## EXERCISE
Once "e consolidamento del" turns up in a line below, reproduce that line and those after it exactly, stopping after the line with "プロジェクト ウィンター 役職"; leave pictures out.

━━ PROVIDED RECORDS

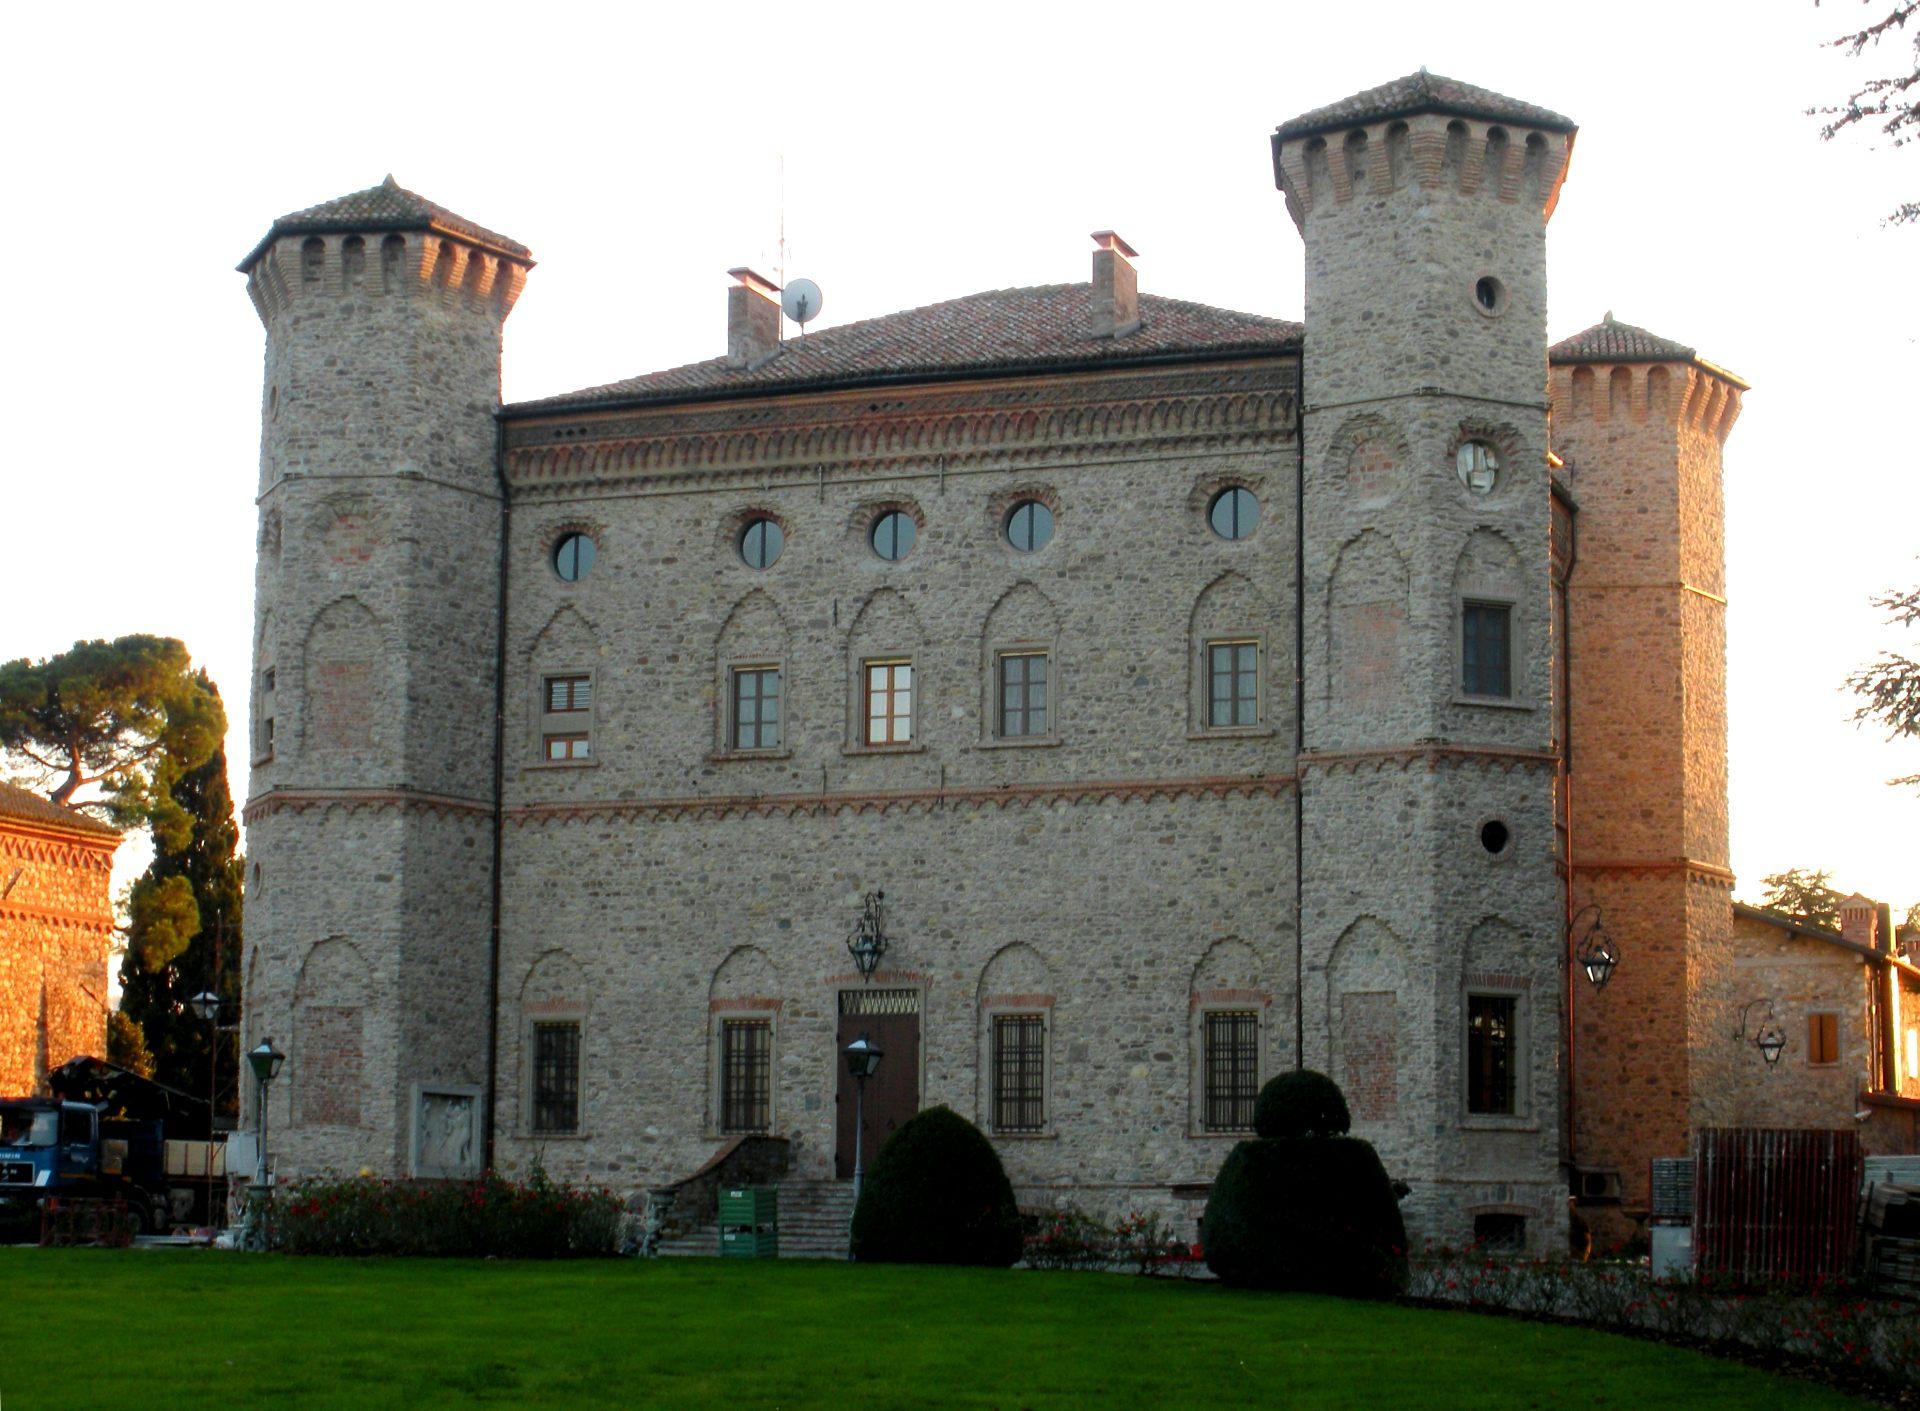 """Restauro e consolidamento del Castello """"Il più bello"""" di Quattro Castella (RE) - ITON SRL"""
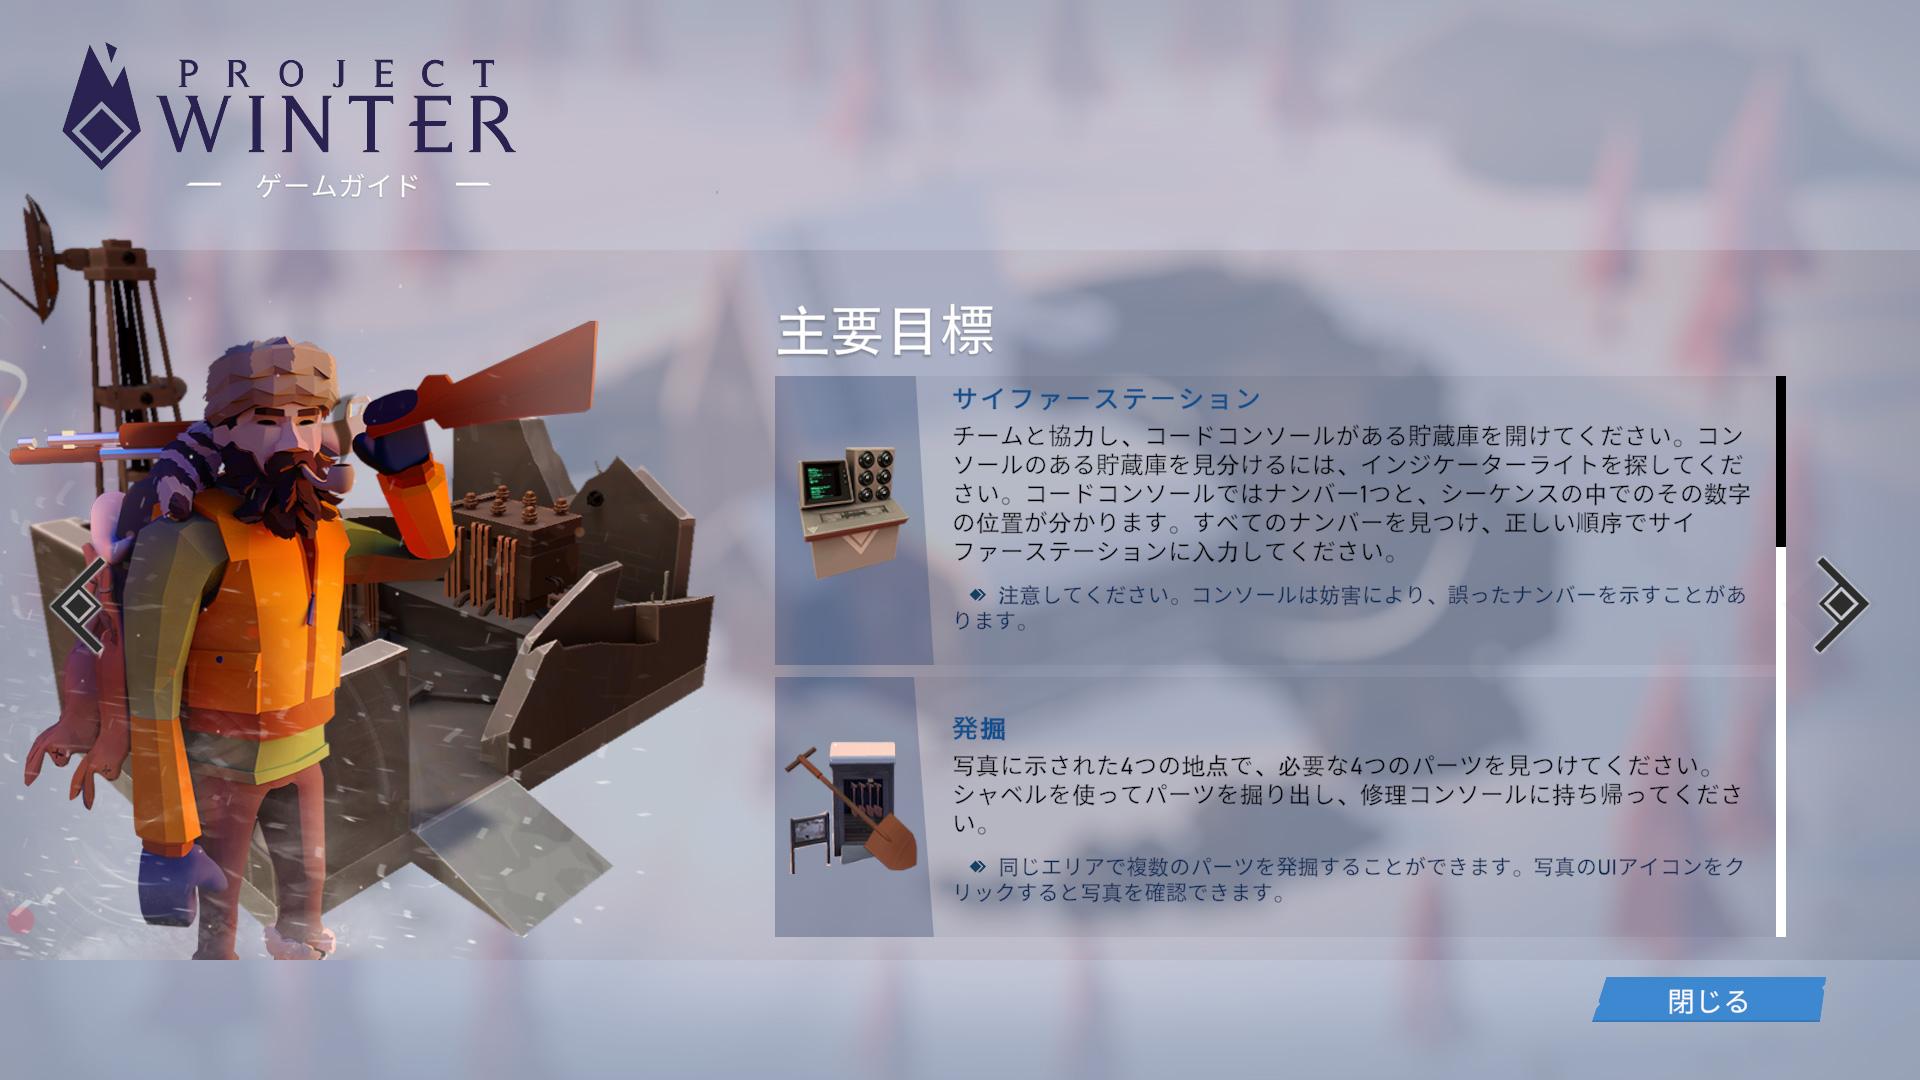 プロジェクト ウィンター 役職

━━━━
━━ PROVIDED RECORDS

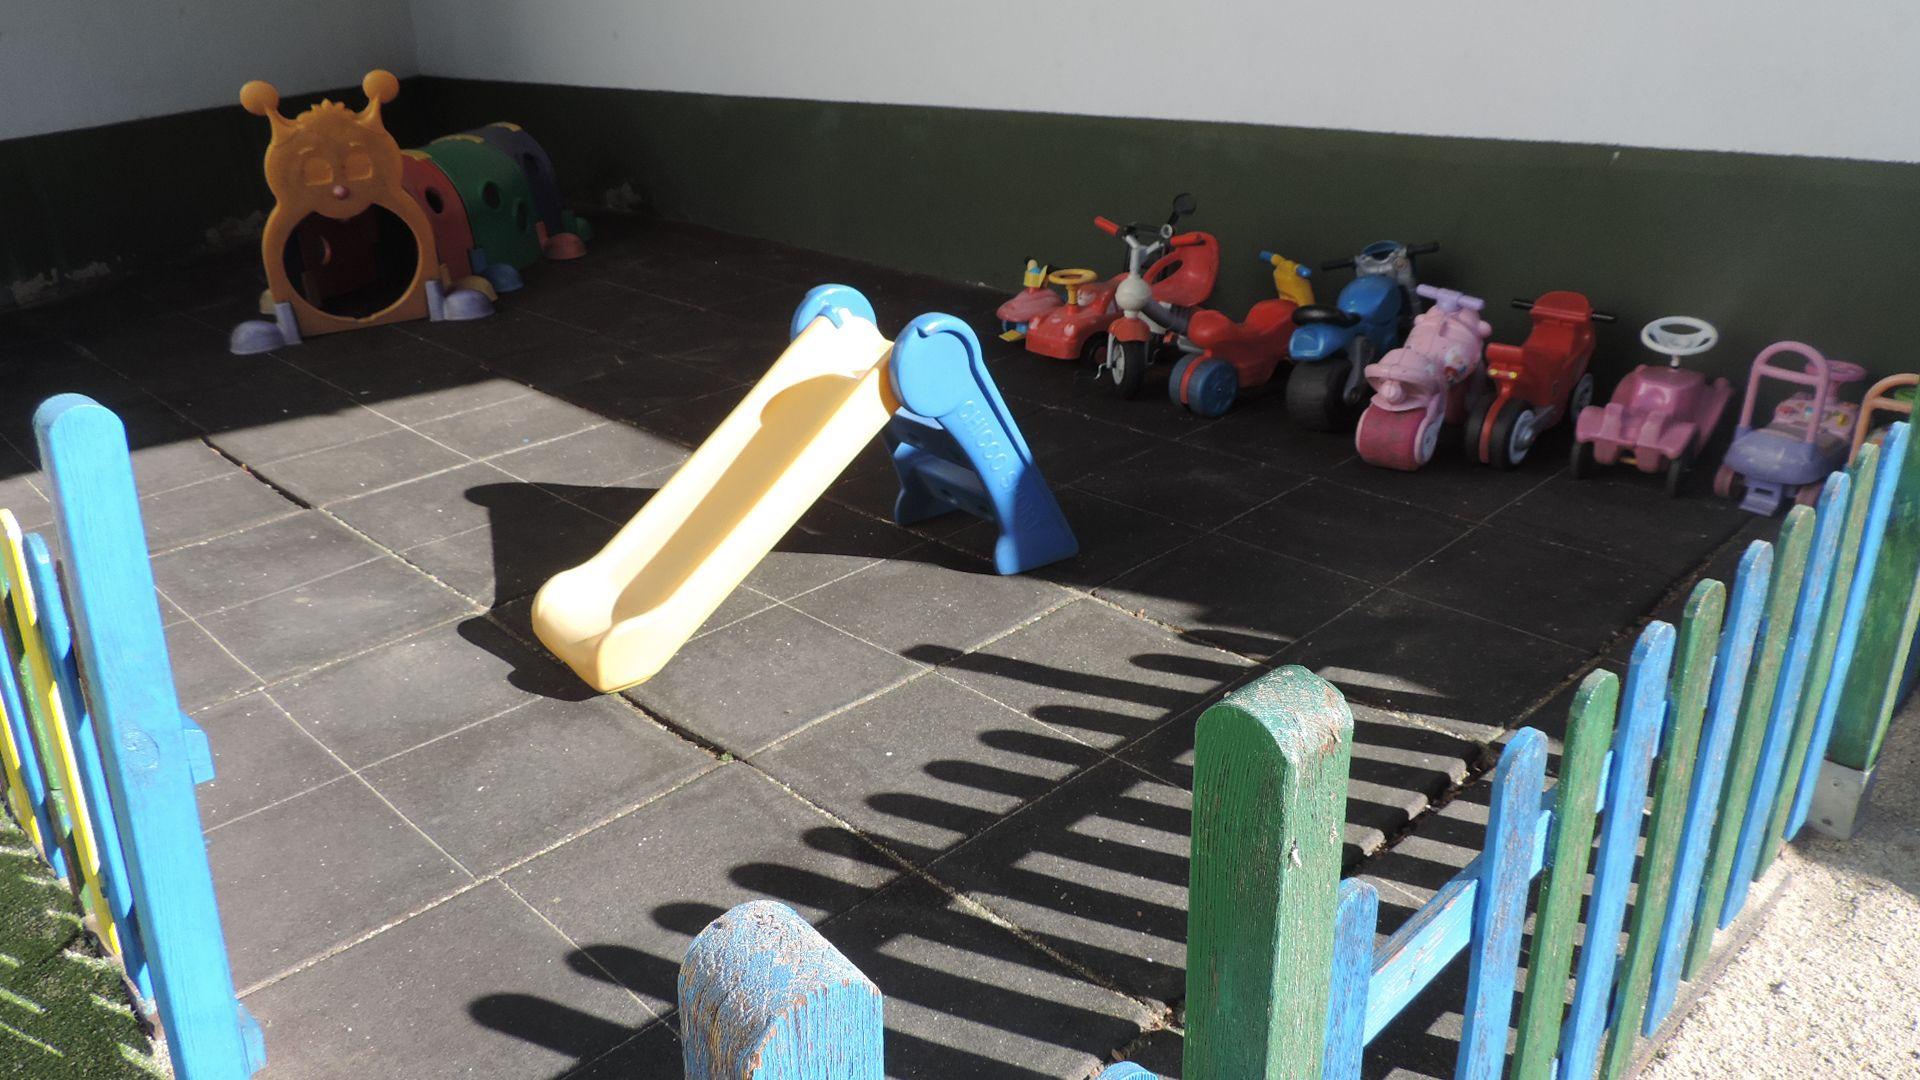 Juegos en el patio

━━━━

## SOLUTION FOR THIS TASK
 """Restauro e consolidamento del Castello """"Il più bello"""" di Quattro Castella (RE) - ITON SRL"""
 プロジェクト ウィンター 役職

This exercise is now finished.